To get a quick feel for what ONX looks like, here are a few examples (more thorough ones are given later in the specification):

:onx{
    :calendar{
        :entry{
            :date["2003" "1" "1"]
            :type["event"]
            :note["Happy New Year!"]
        }
        :entry{
            :date["2003" "3" "8"]
            :type["birthday"]
            :note["Buy self a present..."]
        }
    }calendar
}onx

:onx{
    :fields{
        :field["ID" "integer"]
        :field["city" "string"]
        :field["state" "string"]
    }
    :data{
        :record["1" "Norfolk" "VA"]
        :record["2" "Salem" "MA"]
    }
}onx

:onx{:request{:host["www.seairth.com"]:resource["/web/onx/onx.html"]}}onx

NOTE: It is important to point out here that ONX is not intended to be a universal replacement for XML, SGML, or any other markup language. It contains many features that are similar to other languages. In many cases, ONX could be used as an effective alternative. There are also some features that are not commonly found in other markup languages which make ONX more ideal for some uses. Take a look at the specifications. Figure out what your needs are and see if they match with ONX's capabilities. In many cases, you will be quite surprised to find how effective a solution ONX will be for you.

Specification

This is the entire set of rules for ONX (in EBNF):

RootNode ::= ':onx{' (S | Node)* '}onx'
Node ::= ValueNode | ContainerNode
ContainerNode ::= ':' Name '{' (S | Node)* '}' (Name)?
ValueNode ::= ':' Name '[' (S | Value)* ']' (Name)?
Name ::= (Letter | '_') (NameChar)?
NameChar ::= (Letter | Digit | '_' )+
Letter ::= ['A'-'Z'] | ['a'-'z'] | [0xC0-0xD6] | [0xD8-0xF6] | [0xF8-0xFF]
Digit ::= ['0'-'9']
Value ::= '"' [0x00–0xFF]* '"'
S ::= (0x09 | 0x0A | 0x0D | 0x20)+

ONX is organized into Information Blocks, or "infoblocks". An infoblock is defined as the RootNode and its contents. Inside the RootNode, there may be zero or more additional "nodes". Since the RootNode is used to identify the beginning and end of the infoblock, it is possible to have multiple infoblocks in a single stream without ambiguity.
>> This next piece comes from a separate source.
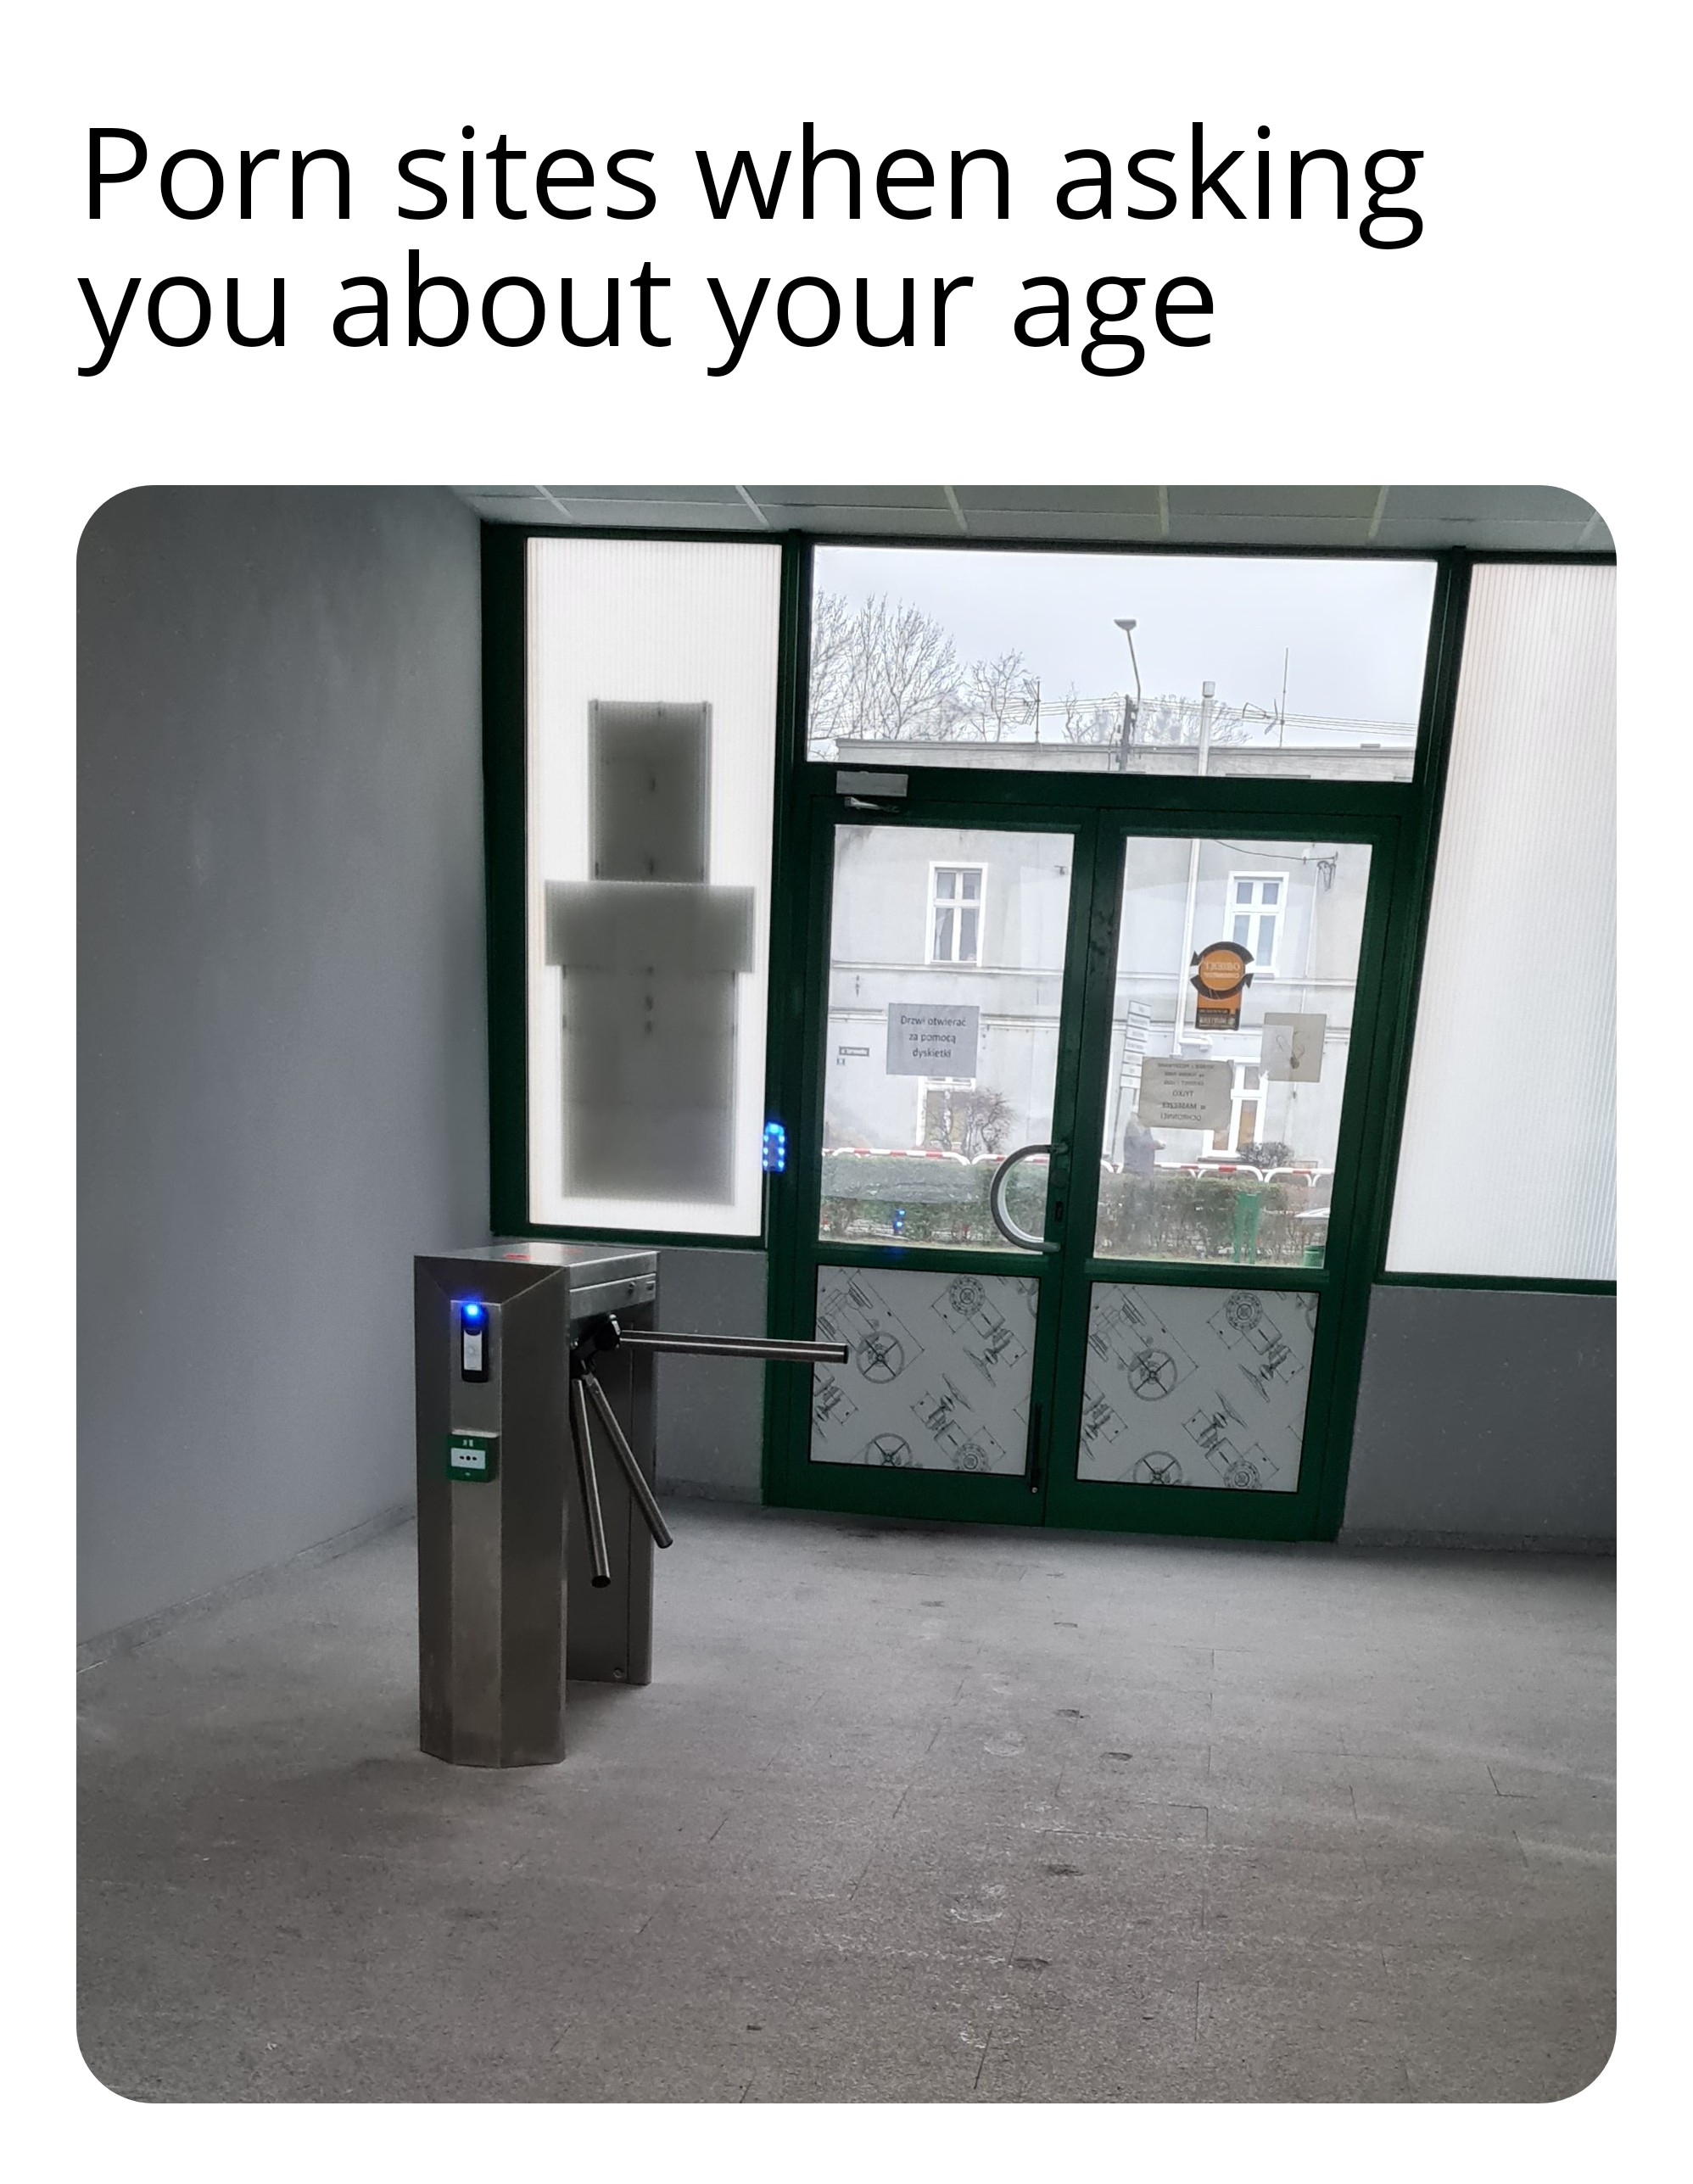 glass - Porn sites when asking you about your age

The most basic structure in ONX is the "Node". Each Node starts with a Name. Node names have a standard format and are unlimited in length. However, any Name that starts with “ONX” or any case variation (e.g. Onx, onx, onX, etc.) is reserved for current and future standardization purposes. This means that user-defined nodes should never use this string to start a Name, since it is possible that some future standard would use that same name as a reserved node name.

Before continuing in detail about node types, note the use of whitespace [Rule 10] in ONX. This is entirely optional and is only intended as an aid when a human must directly read an ONX infoblock. As a result, arbitrarily inserting whitespace for readability does not change the meaning of the data. However, in production situations, it is more likely that all whitespace will be left out of the infoblock to reduce size and processing time.
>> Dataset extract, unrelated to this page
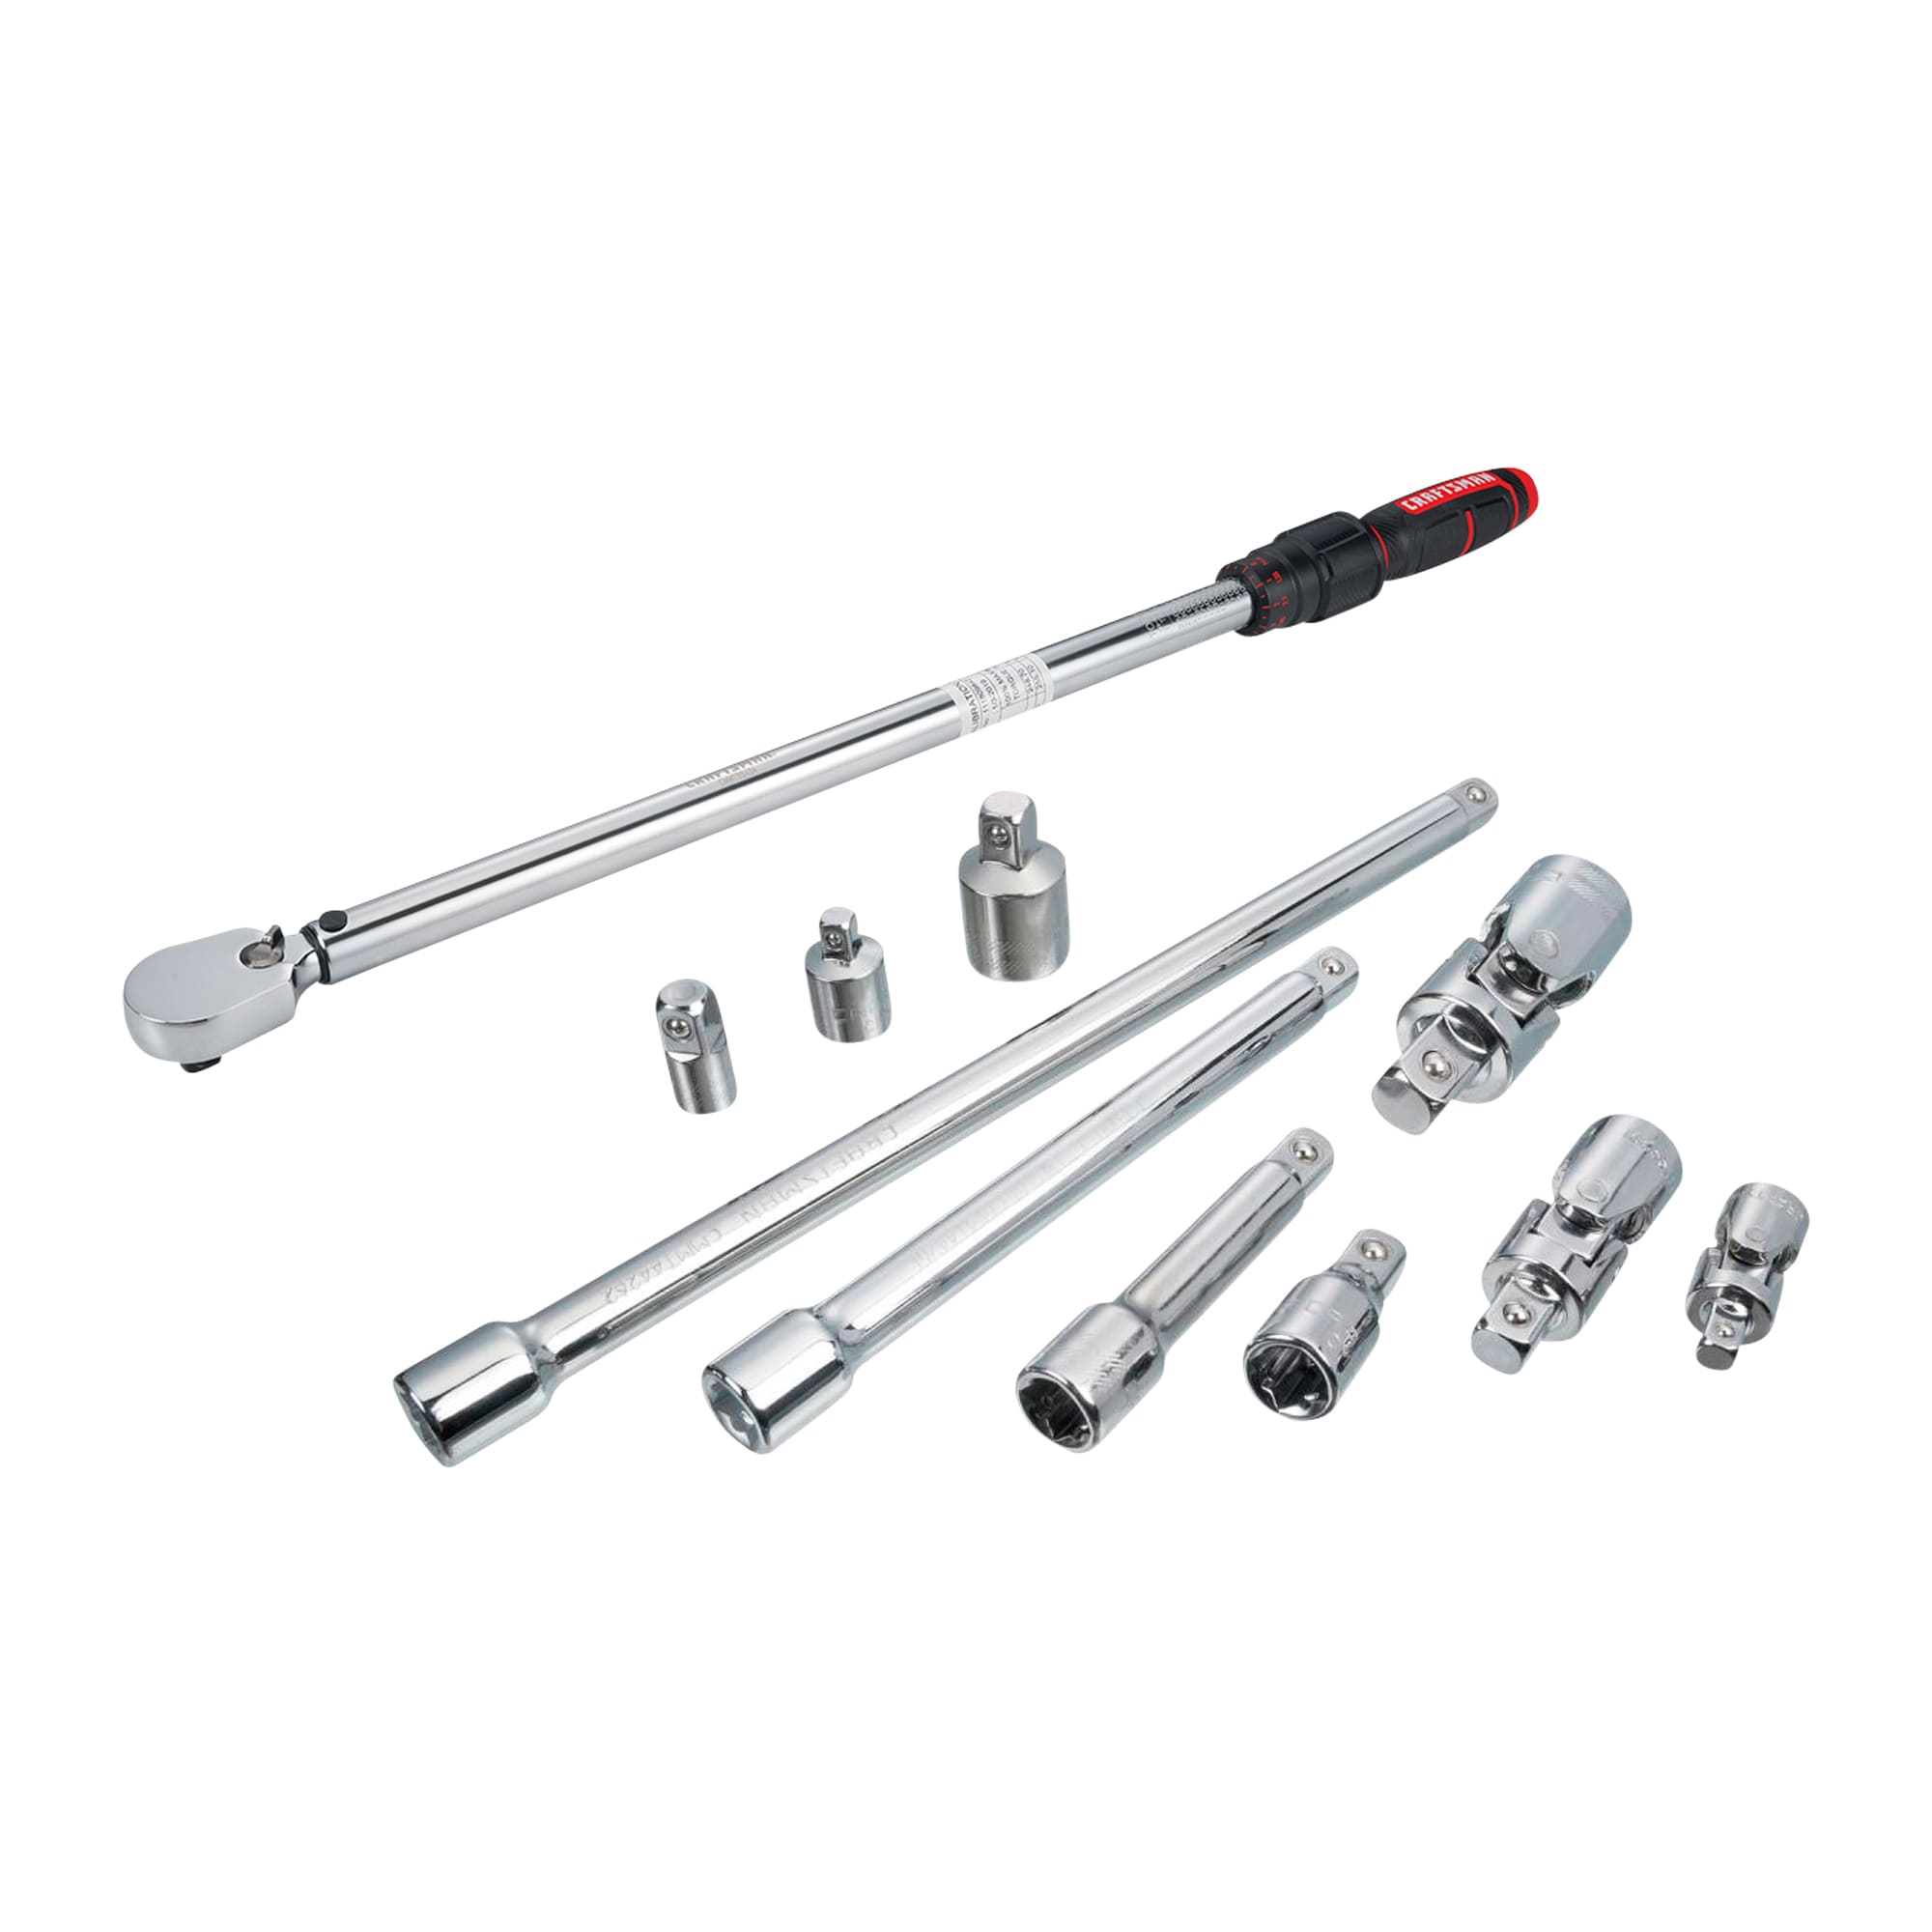 CRAFTSMAN 10-Piece Multi-drive Accessory Set & 1/2-in Drive Click Torque Wrench (50-ft lb to 250-ft lb)

Hint: ONX parsers should first test for the brace, bracket, quote, etc. characters before testing for whitespace. In production, this should reduce the number of tests performed, again assuming that a production system will not generate whitespace.

There are two Node types in an ONX infoblock:

ValueNode: Contains zero or more quoted strings.
ContainerNode: Contains zero or more additional nodes.

ValueNode

The ValueNode is the next most basic type of Node. In this case, the purpose of the node is to provide the ability to convey Name/Value pairs. The name can be associated to either a no value, a single value, or a list of values separated by commas. The contents of a value can be anything including binary data. The value itself is always enclosed in a pair of quote symbols. Examples of a ValueNode are:

:Node[]
:Node["This is a value of this ValueNode"]
:Node["This is a value of this ValueNode" "This is also a value in the same ValueNode"]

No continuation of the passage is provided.